When I came into class, they had been arguing about the pros and cons of whether an 18-cent reduction in the price of gasoline was worth the loss of tax revenue. This impact, as reported in the press, was relatively minor for an individual consumer. With a little economic analysis, they saw that the benefit to consumers would be only a fraction of the minor amount reported.
They also saw that the main beneficiaries of eliminating the gasoline tax would be the oil companies.
This is an example of why I love economics. Everyone “knows” how a tax cut will lower prices. Then you use a little economics to show the counterintuitive reality of the situation. The comfortable, pat answers are overturned. Intellectually, it pulls the rug out from under you. It messes with your mind. That can be fun. It is certainly fun to see students discover this as well.
Posted by RB at 12:43 PM
Saturday, May 3, 2008
A lot of folks seem pretty sure we are in a recession. I'm not one of them. As you can see from the graph, the drop in payroll employment was rather minor last month.
The other number I watch is the Index of Industrial Production, which did not fall in March.
The preliminary number for GDP in the first three months of the year came out last week. It indicated low but positive growth -- and doesn't really convey much useful information. GDP data is very useful, among the best, but this preliminary number is so subject to substantial revision that many argue it should not even be released. (Some other countries, like Canada and Great Britain, don't bother publishing preliminary GDP estimates.) At the end of both this and next month, more useful revised numbers will be announced.
In short, these data are not strong indicators of a recession.
What is a recession?
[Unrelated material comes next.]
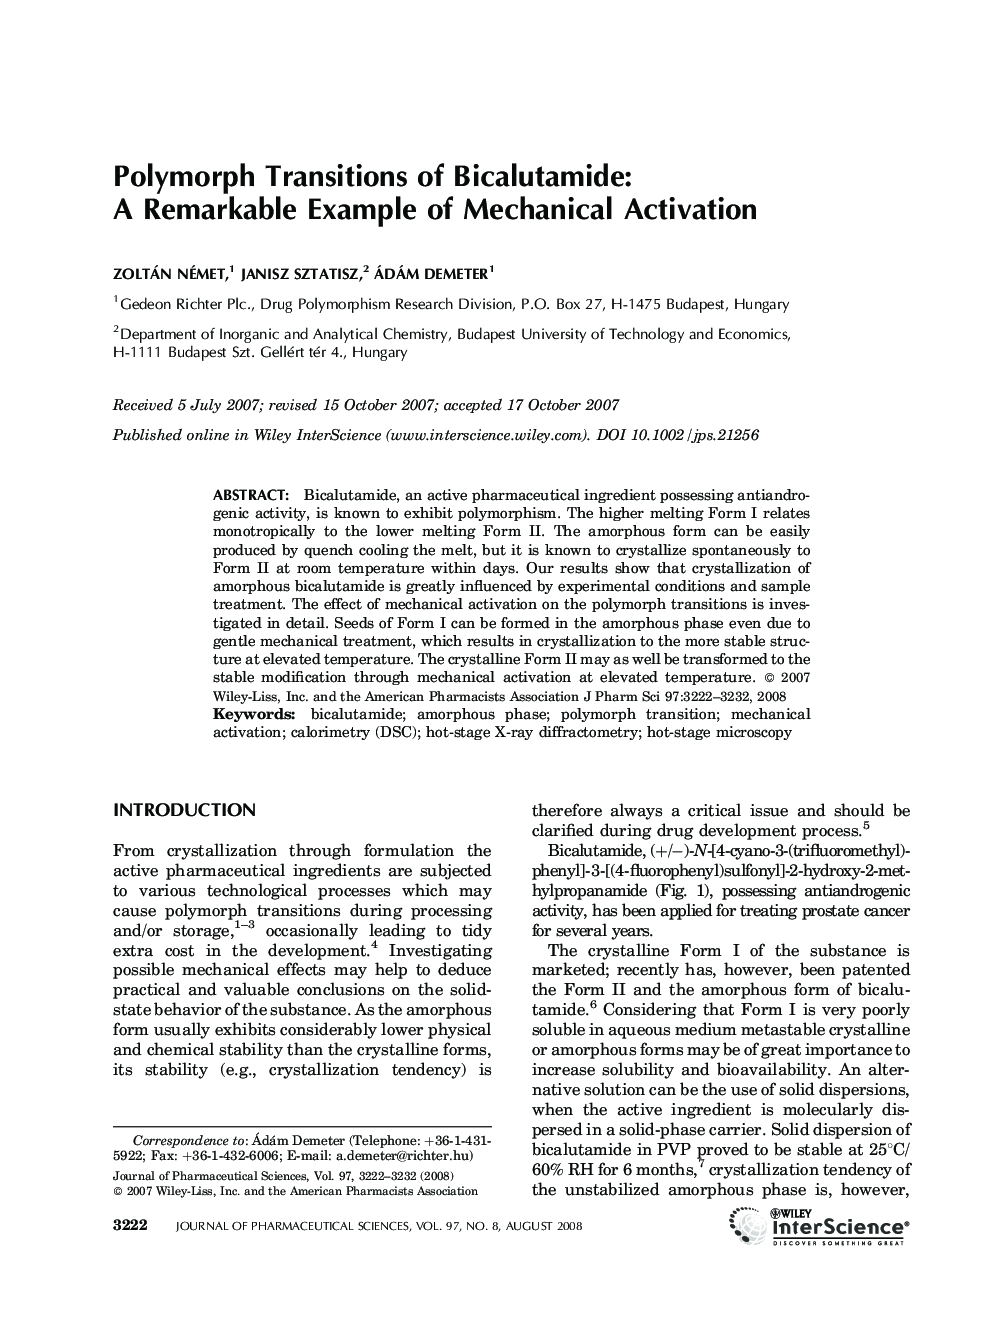 Polymorph Transitions of Bicalutamide: A Remarkable Example of Mechanical Activation
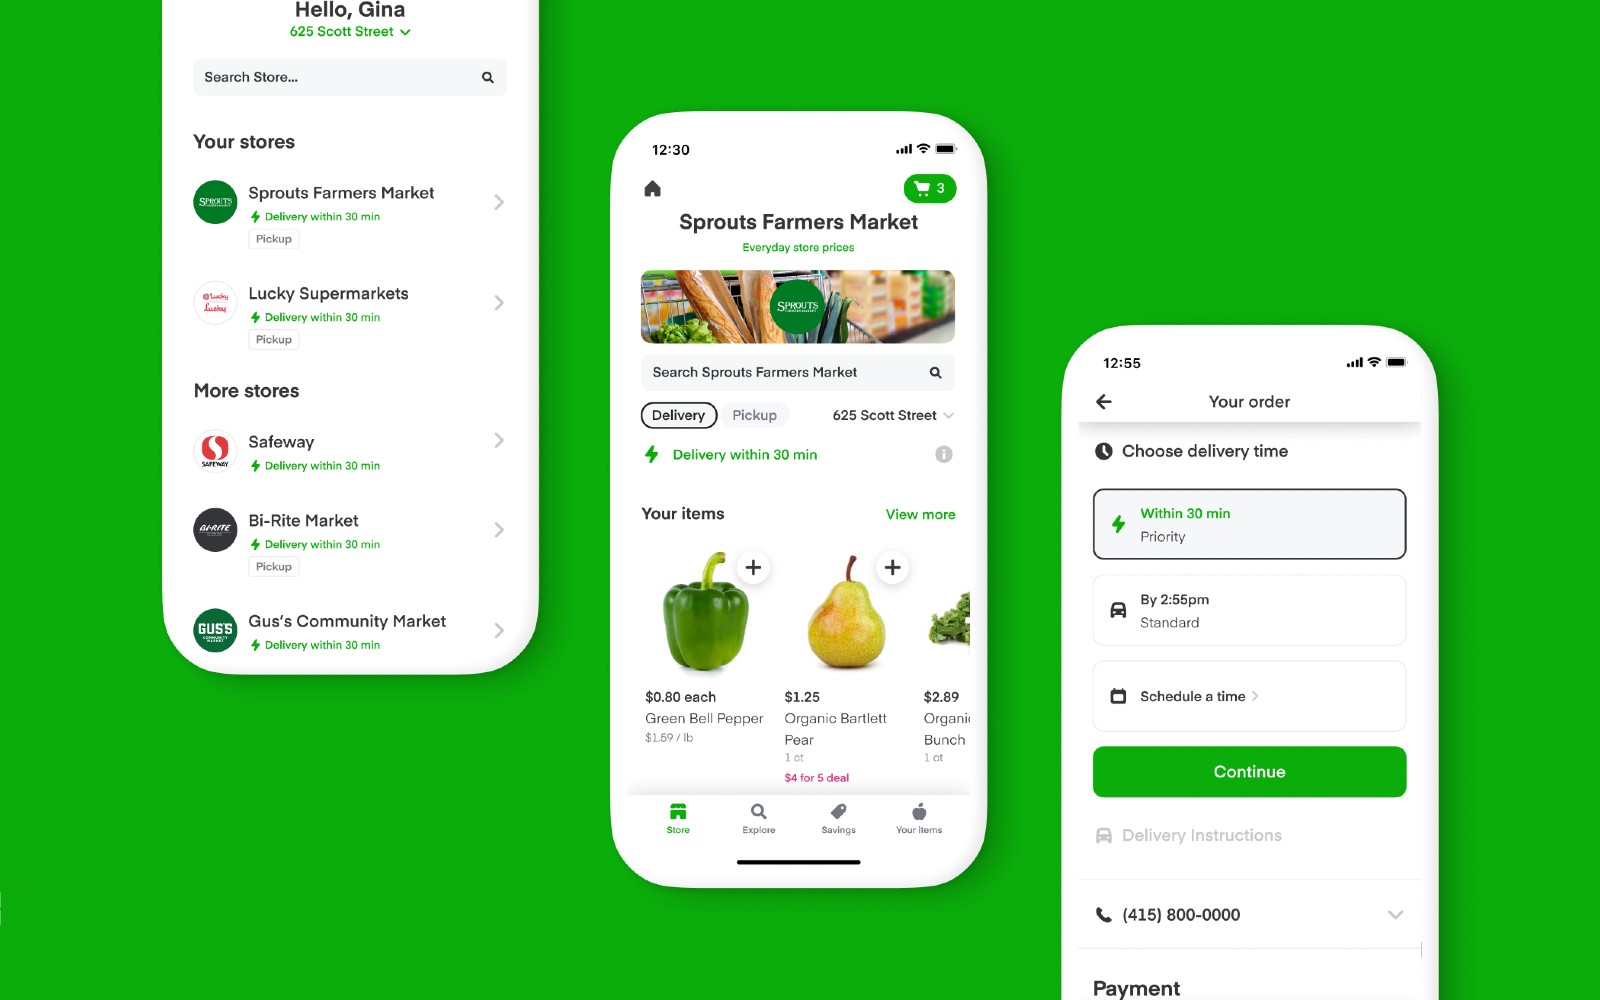 Instacart offers 30-minute deliveries in some US cities

The National Bureau of Economic Research (NBER, a very prestigious private research organization) has a committee that officially times the start and end of recessions.
The NBER does not define a recession in terms of two consecutive quarters of decline in real GDP. Rather, a recession is a significant decline in economic activity spread across the economy, lasting more than a few months, normally visible in real GDP, real income, employment, industrial production, and wholesale-retail sales. (Source: NBER)
So when does a recession start? When the NBER decides it does! Don't hold your breath: they won't announce it officially until long after it is over. However, by that time it will be obvious we've had one. The only doubt will be the month it started or ended. That is often a judgment call.
I understand people want certainty. Only God should be certain about the current or future state of the economy. While there are people that are willing to provide certainty about such matters, you should avoid such people, especially if you have the condition bovine fecal toxicity sensitivity syndrome (BFTSS).
Posted by RB at 6:02 AM
Thursday, May 1, 2008
Some think of China as a highly controlled society where heavy-handed government power decides what is allowed and what is prohibited. Fortunately, the truth is that the economy is so large, so diverse, that government can not keep track of the tens of thousands of small factories in the country, let alone know what they are actually doing.
A case in point: The BBC reports that a Chinese factory has been manufacturing "Free Tibet" flags. I love it. A Chinese factory is making flags for protesters whom the government is trying to suppress.
A student sent me the link to the story.
FYI: Another translation for the title of this post is "Heaven is high and the emperor is far away" (Tian Gao Huang-di Yuan). "Chinese folks use the phrase to express a kind of gleeful subversion of any authority figure" (Source: Wikipedia).